Cards on the table. I wrote yesterday that “the core, existential and supreme issue is Islamist extremism”. It follows that, if this is the lens through which one peers, Cameron’s is a first-rate appointment. He grasps the issue as well as any politician alive, as I know from working with him in Opposition and as anyone can glean from reading his Munich Speech.
And Cameron, after all, never lost a general election, and won two referendums out of three, including one that kept the United Kingdom together – no small achievement. Meanwhile, Victoria Atkins, long on the edge of Cabinet, goes to Health with an almost entirely new team. Hers will perhaps be the biggest challenge of all.
Other than Braverman, it appears that the Prime Minister wasn’t planning to sack anyone.
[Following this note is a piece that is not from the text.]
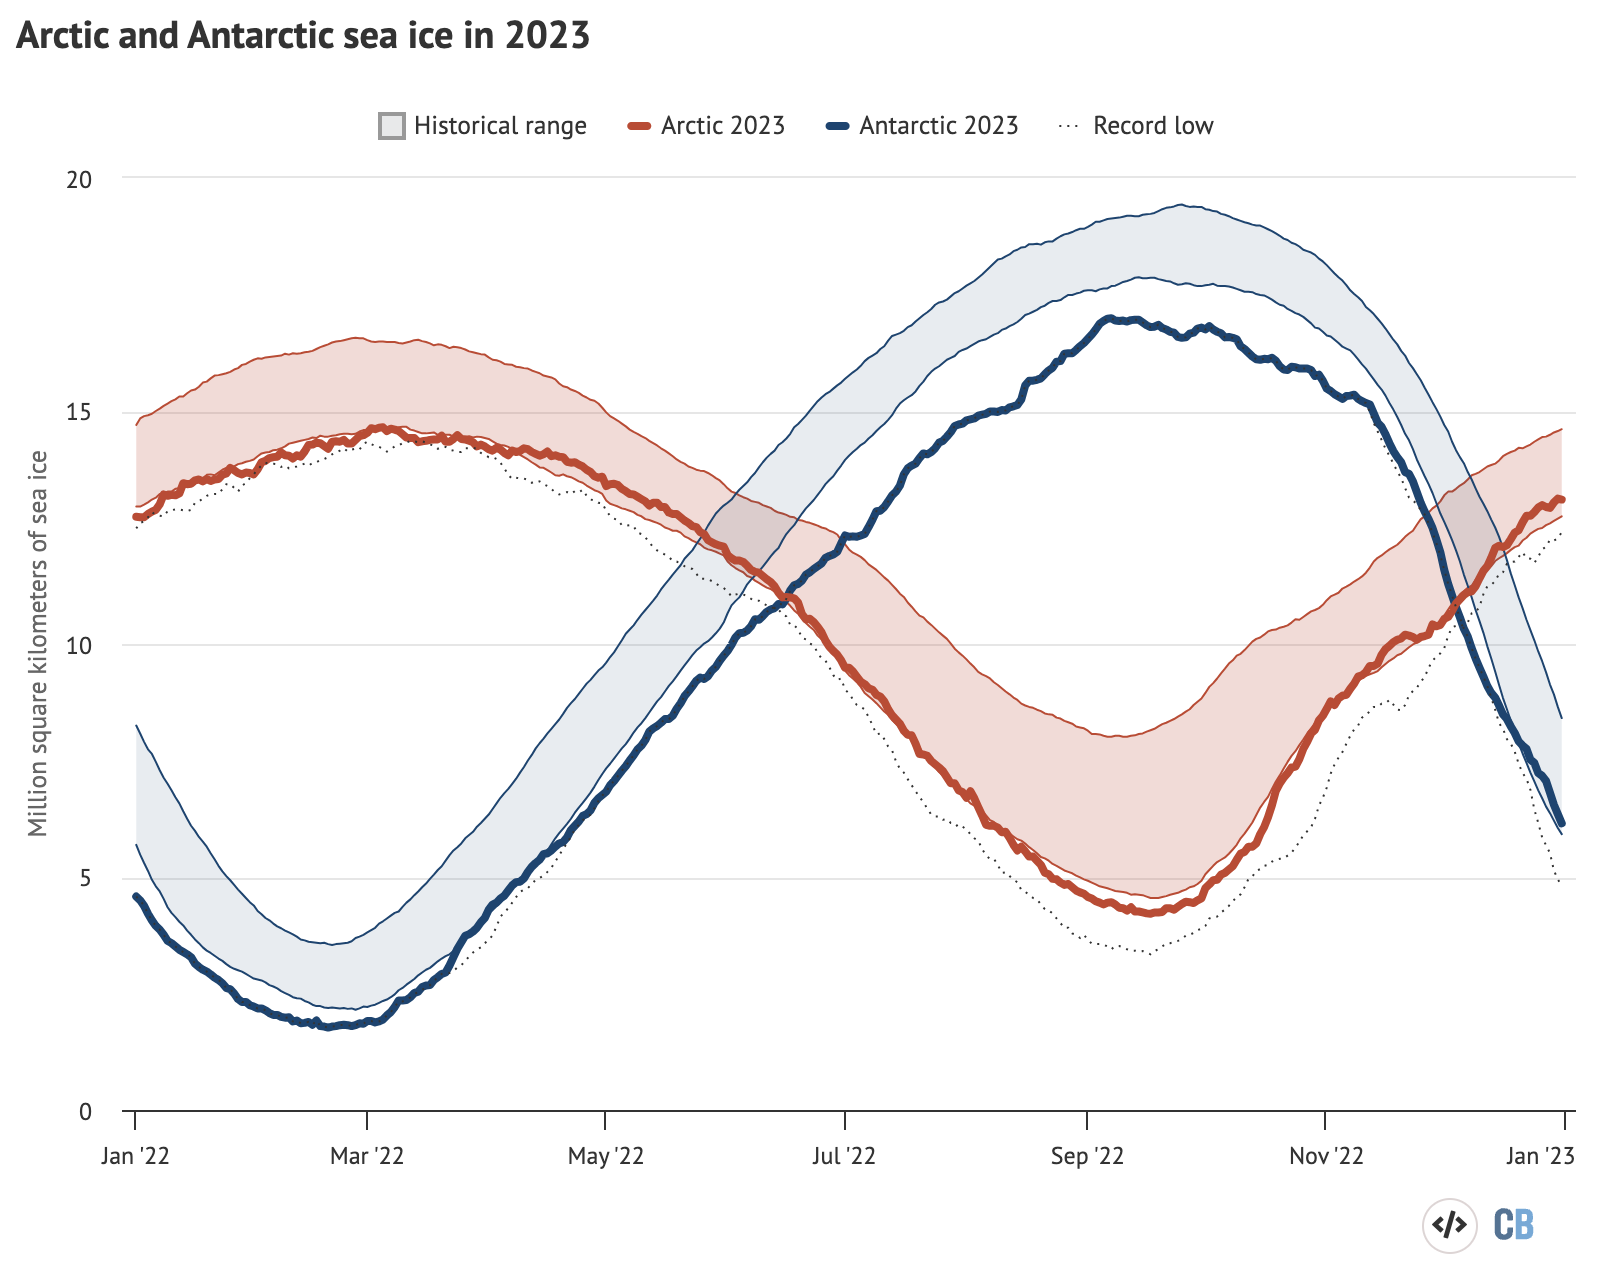 Arctic and Antarctic daily sea ice extent from the US National Snow and Ice Data Center. The bold lines show daily 2023 values, the shaded area indicates the two standard deviation range in historical values between 1979 and 2010. The dotted black lines show the record lows for each pole. Chart by Carbon Brief.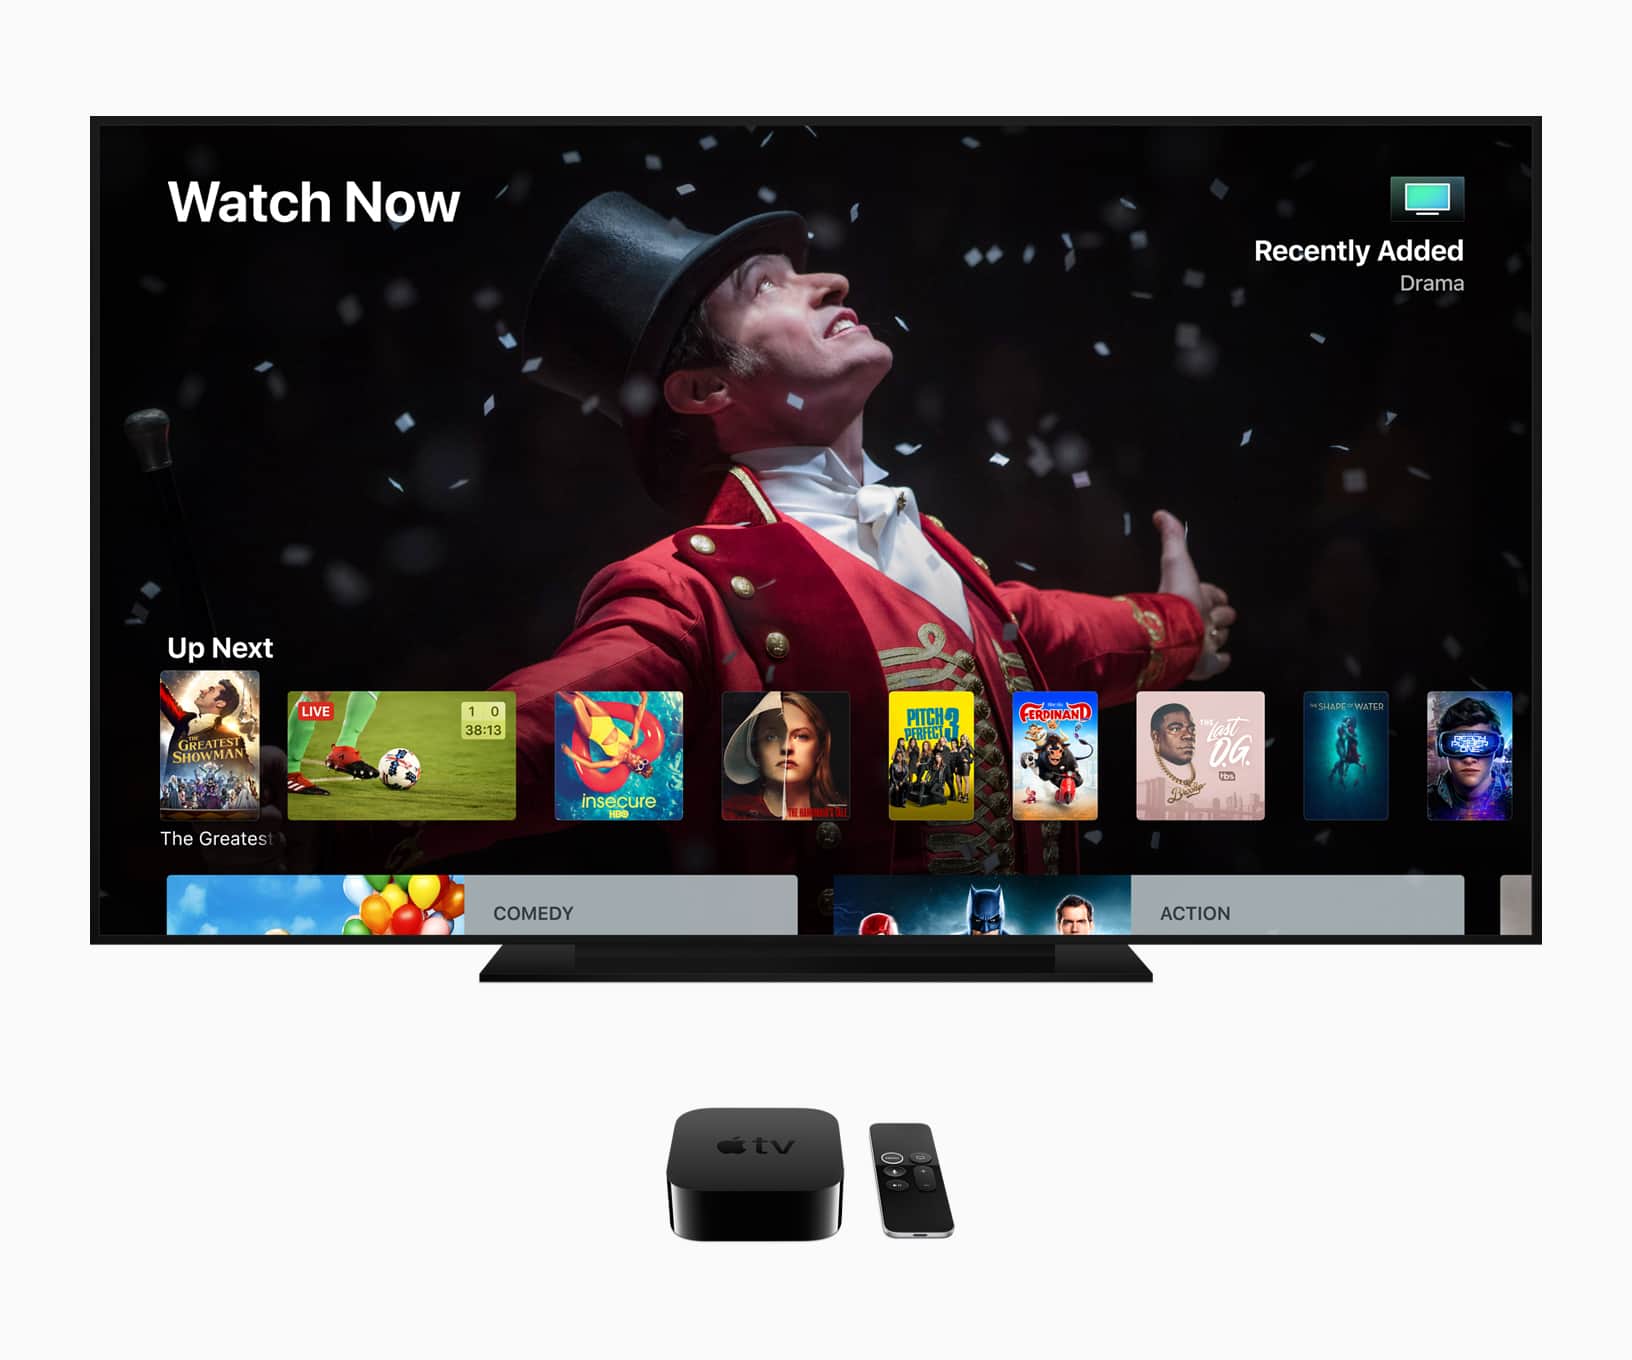 tvOS 12 &  watchOS 5 introduced by Apple at WWDC

Therese Coffey entered Downing Street through the front door, which isn’t the usual course for a Minister due to be sacked. Steve Barclay takes her place at DEFRA. Meanwhile, there’s a kerfuffle at housing where Rachel Maclean, to the displeasure of Michael Gove and Kemi Badenoch, is being moved.
Lee Rowley, not at all a man of the Tory Left, becomes the 16th housing Minister since 2010. Esther McVey will attend Cabinet as some kind of anti-woke spearhead. Their appointments won’t stop the shuffle geting a kicking in much of the Tory media. And Braverman has yet to tell her story.
This shuffle carries on where Sunak’s earlier appointment of Alex Chalk and his party conference speech left off. There, he turned to subjects that interest him. Now, he’s turned to people he trusts, or the whips rate, or both. At Westminster, the dogs bark. Elsewhere, the caravan of public opinion moves on. And on Wednesday we have the Rwanda judgement.